== Segment start ==

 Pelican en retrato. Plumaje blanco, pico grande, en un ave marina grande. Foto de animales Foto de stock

== Segment end ==
== Segment start ==

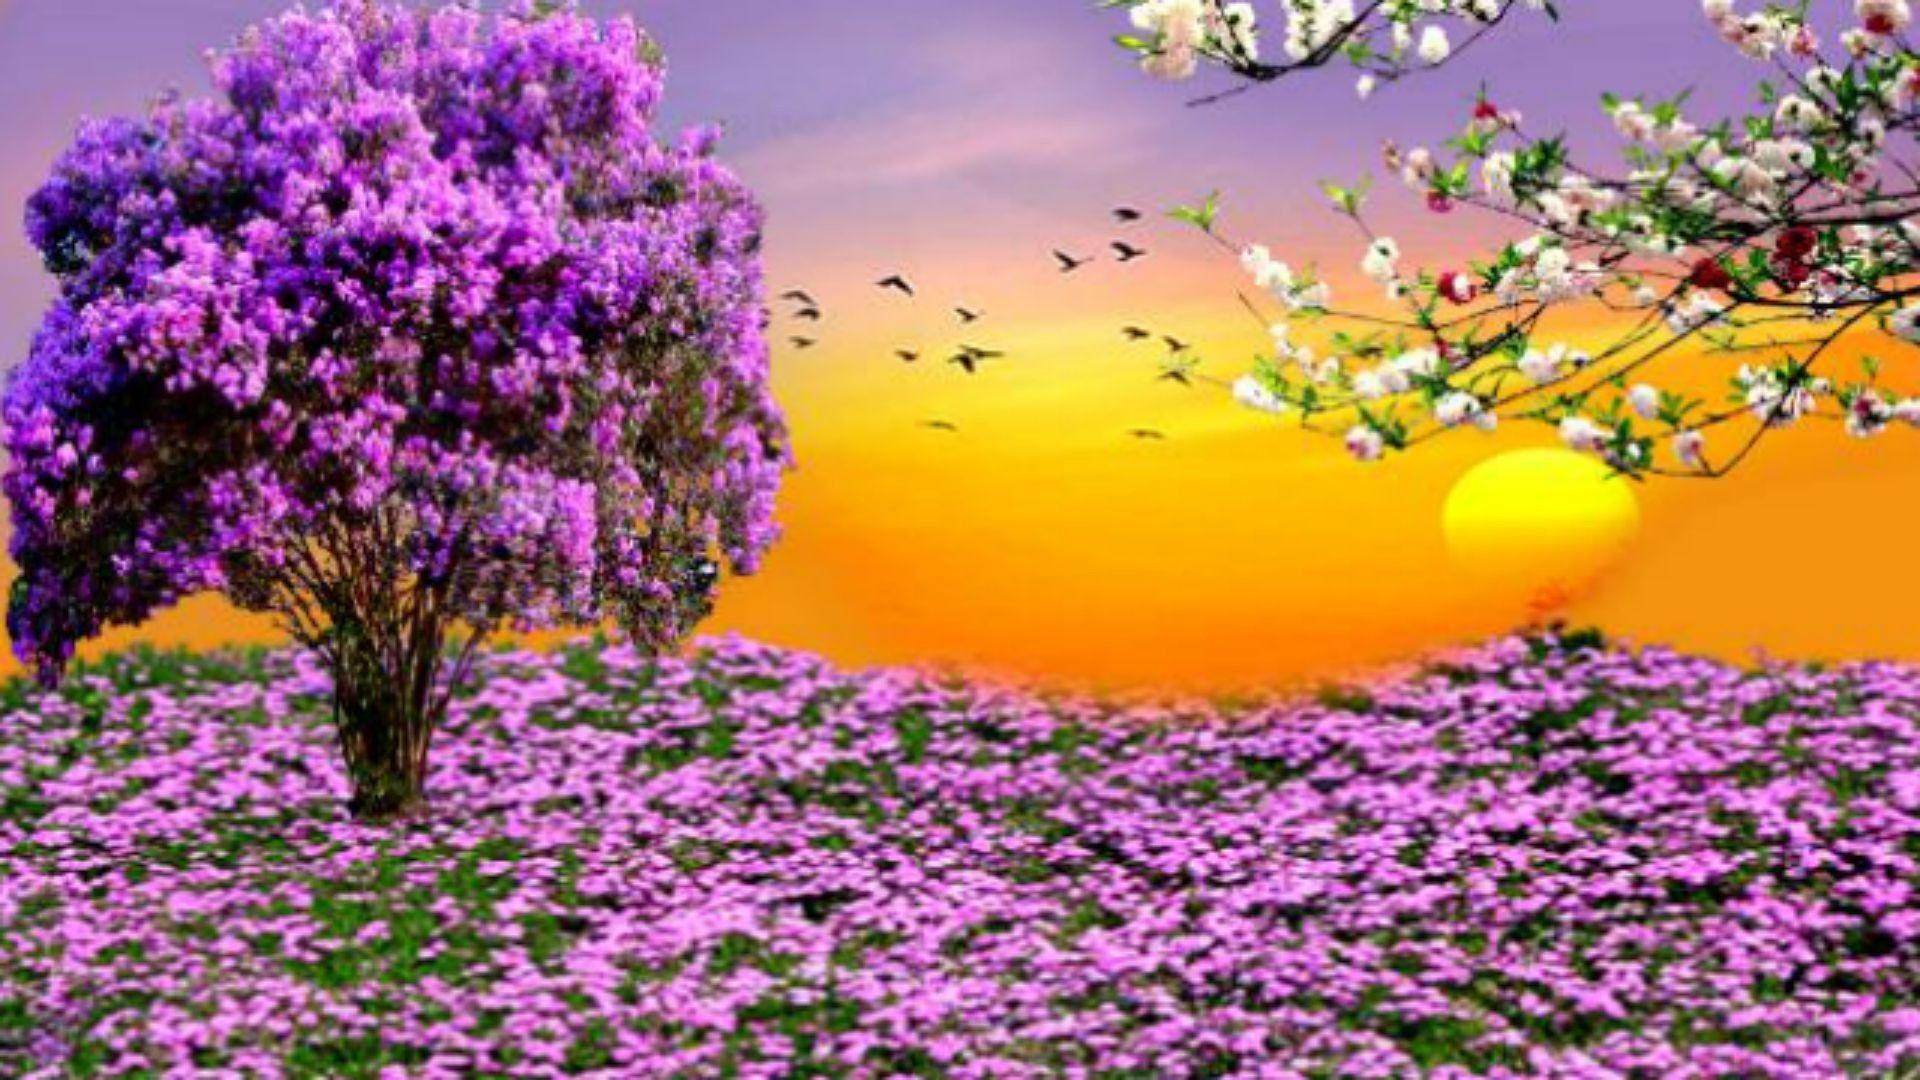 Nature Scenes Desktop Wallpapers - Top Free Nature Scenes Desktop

== Segment end ==
== Segment start ==

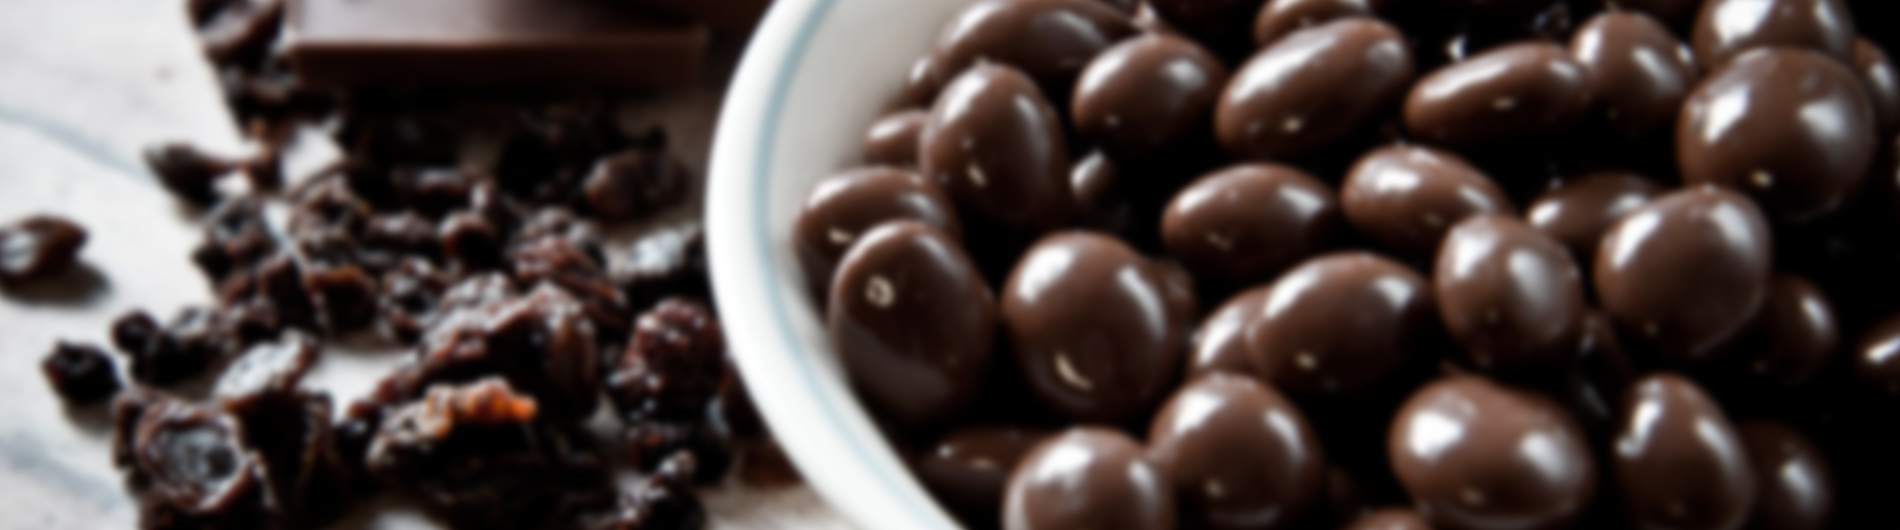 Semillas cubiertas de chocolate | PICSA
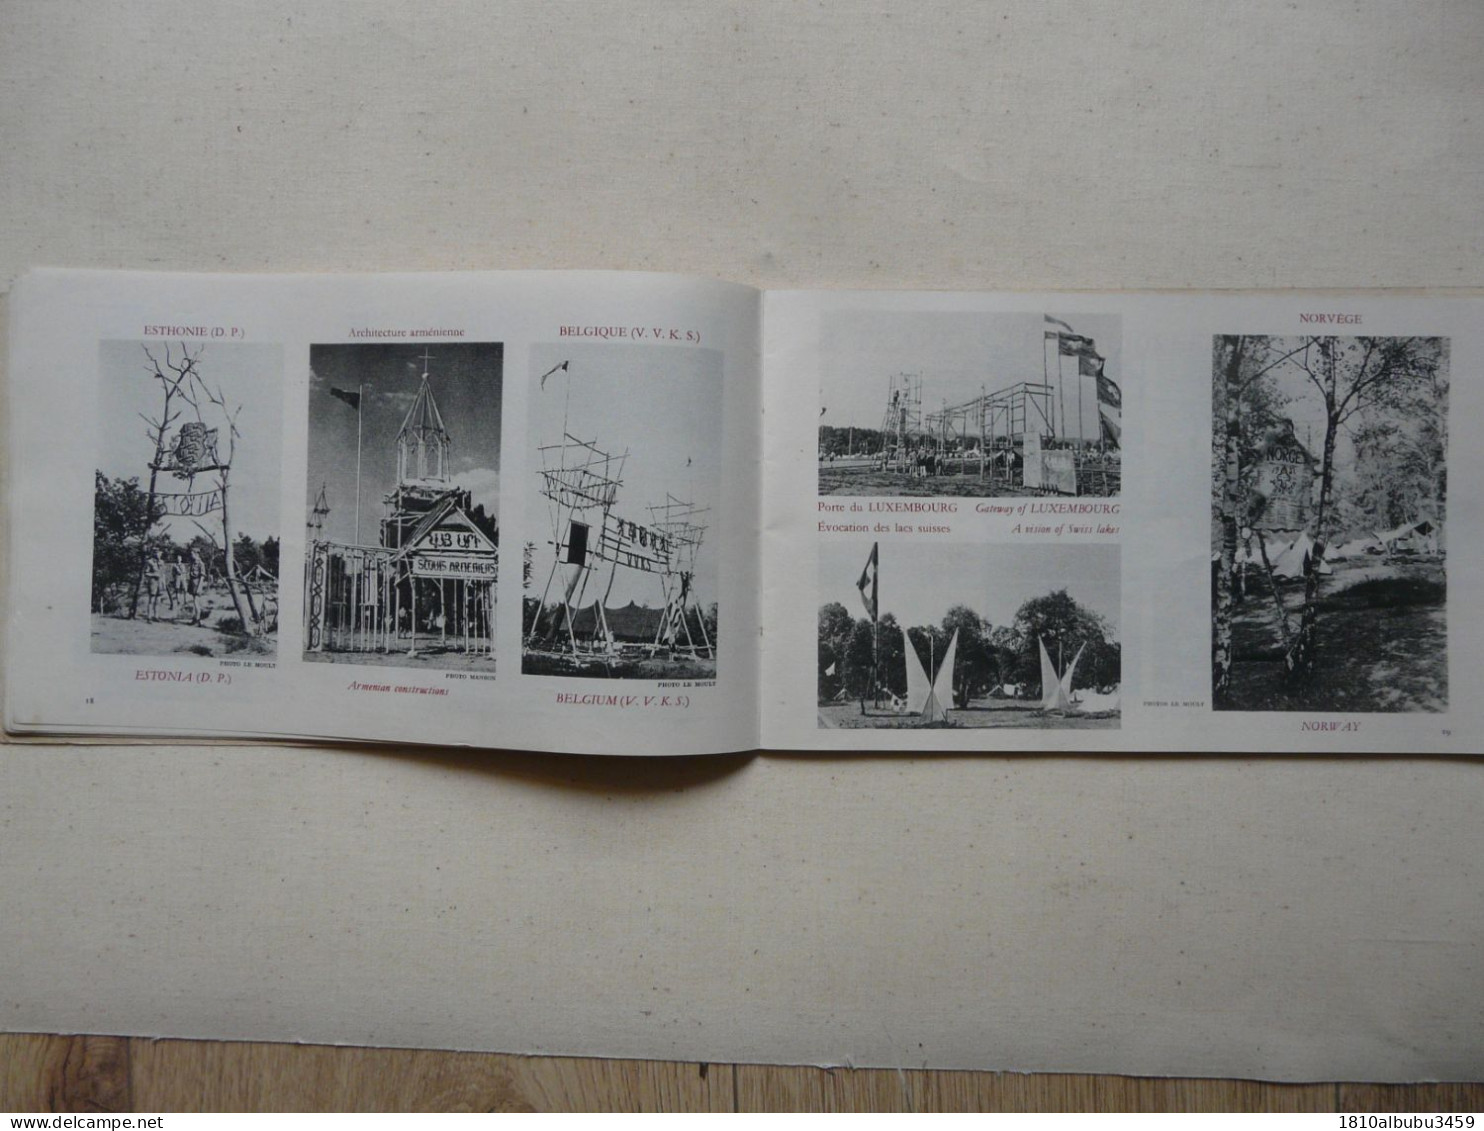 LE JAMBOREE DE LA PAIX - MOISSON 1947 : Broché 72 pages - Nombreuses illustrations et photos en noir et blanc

== Segment end ==

[What the exercise asks]
Reproduce exactly the lines above starting at the line containing "Semillas cubiertas de chocolate | PICSA" and ending at the line containing "LE JAMBOREE DE", including both, but not the pictures.

[Solution to the problem]
 Semillas cubiertas de chocolate | PICSA
 LE JAMBOREE DE LA PAIX - MOISSON 1947 : Broché 72 pages - Nombreuses illustrations et photos en noir et blanc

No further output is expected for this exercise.